A seller closed on his house on November 15, 2008. The annual tax bill for 2008 is $1475, which will be paid in arrears by the buyer. What is the seller's portion of the tax bill if the seller owns the day of closing, the taxes are based on a calendar year, and one uses the 360-day method?
A) $1,291
B) $1,414
C) $185.00
D) Nothing. The taxes were already paid
The correct answer is "A - $1,291 " Daily proration: $1475 / 360 = $4.0972. Seller's days: January through October = 10 months x 30 days = 300 days; November 1-15 = 15 days; total seller days = 315. Seller's portion: ($4.0972 x 315 days) = $1,291
A tenant rented a store to use as a real estate school at a base rent of $1,500 a month. Additionally, the tenant agreed to pay 3% of gross annual sales over $200,000. What were the gross sales if the total rent paid for the year was $30,000?
A) $400,000
B) $150,000
C) $600,000
D) $750,000
The correct answer is "C - $600,000 " Base rent amounts to $18,000 per year. Subtracted from the $30,000 total rent, it yields a further $12,000 that came from the 3% of sales portion of the agreement. $12,000 divided by 3% is $400,000, plus the first $200,000 that was exempt from the surcharge, means the company had total sales of $600,000.
The gross income from an office building is $73,500 and the annual expense total is $52,300. If the owner expects to receive an 11% return on his investment, what is the value of the building?
A) $475,454.54
B) $668,181.81
C) $192,727.27
D) $125,800.00
The correct answer is "C - $192,727.27 " Net income is $73,500 minus $52,300 or $21,200. The value of the building is calculated by dividing net income ($21,200) by the rate of return (11%) which, in this case, is $192,727.27.
The loss of value in any property, regardless of the specific cause, in an appraisal, is known as:
A) descent.
B) functional obsolescence.
C) physical deterioration.
D) depreciation.
The correct answer is "D - depreciation. " Depreciation refers to a GENERAL loss in value, as opposed to "functional obsolescence" or "physical deterioration," which refer to specific types of depreciation or losses in value. "Descent" is a term used in conjunction with inheritances, and is not related to the other terms at all.
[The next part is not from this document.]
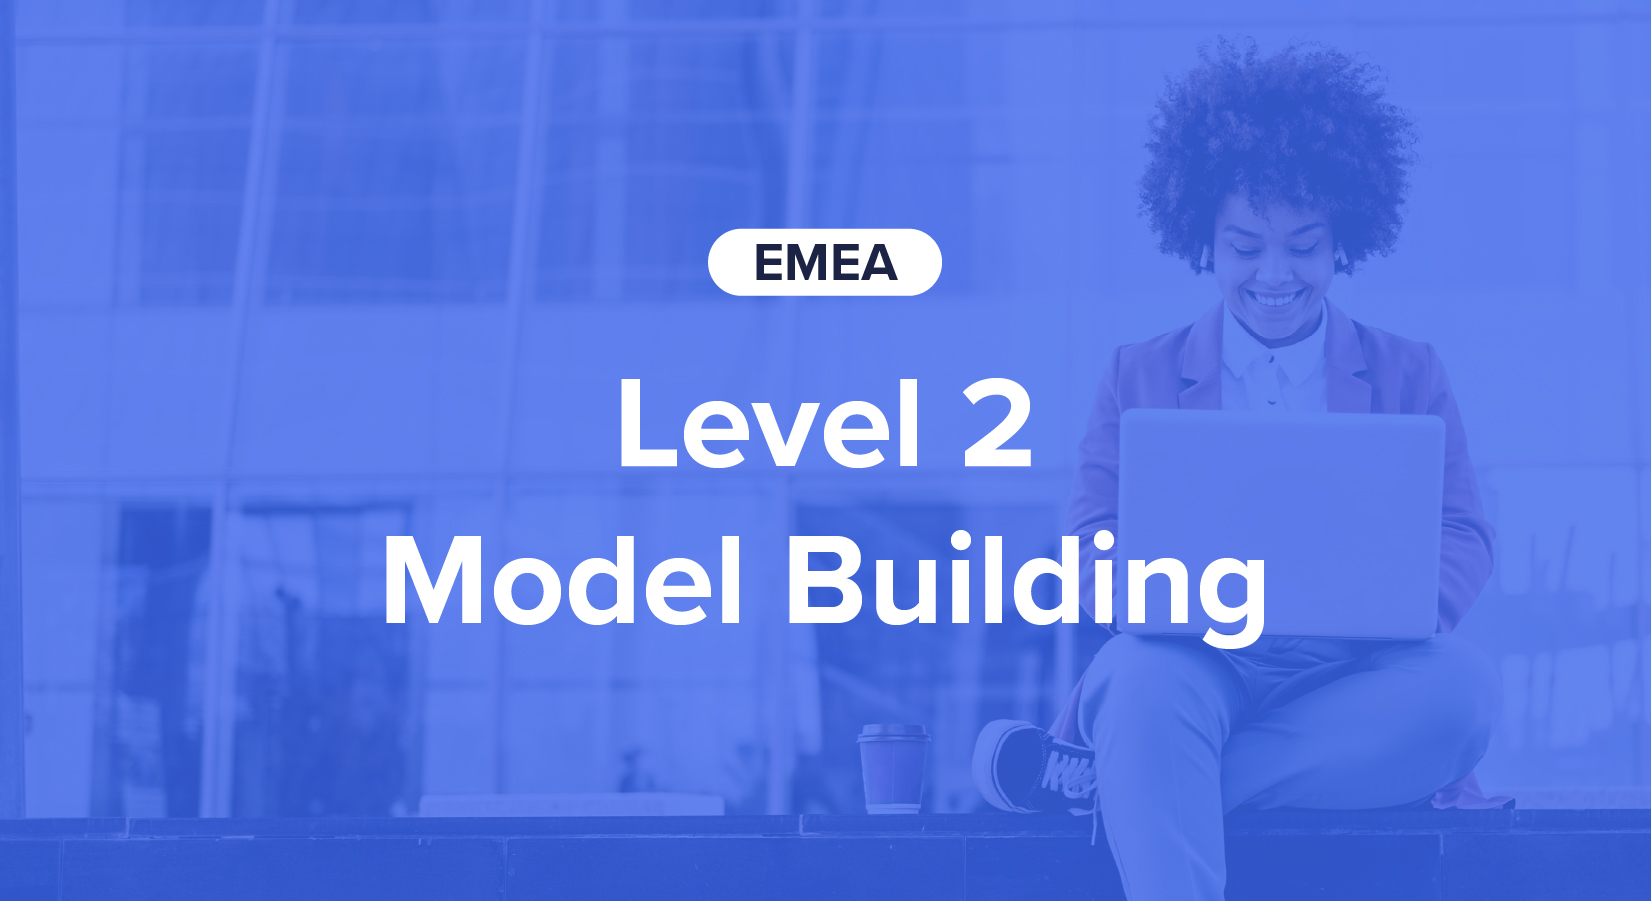 Academy Level 2 Model Building EMEA

A person who has complete control over a parcel of real estate is said to own a:
A) leasehold estate.
B) fee simple estate.
C) defeasible fee estate.
D) life estate.
The correct answer is "B - fee simple estate. " Fee Simple, also known as fee simple absolute, is known as the highest degree of ownership. The other "estate" terms are all much more limited forms of ownership. A life estate expires over time, a leasehold estate has a definite term, and a defeasible estate is limited by a certain event happening.
The law that requires real estate contracts to be in writing to be enforceable is the:
A) statute of frauds.
B) statute of limitations.
C) law of descent and distribution.
D) parole evidence rule.
The correct answer is "A - statute of frauds. " Under the Statute of Frauds, contracts for sale of real property must be in writing to be enforceable. This is to prevent FRAUD from occurring. Don't confuse this with the statute of limitations, which sets limits on the time in which actions may be brought against a person; constitutional law, which is the law arising from the federal and state constitutions; or descent, a term used in conjunction with inheritances.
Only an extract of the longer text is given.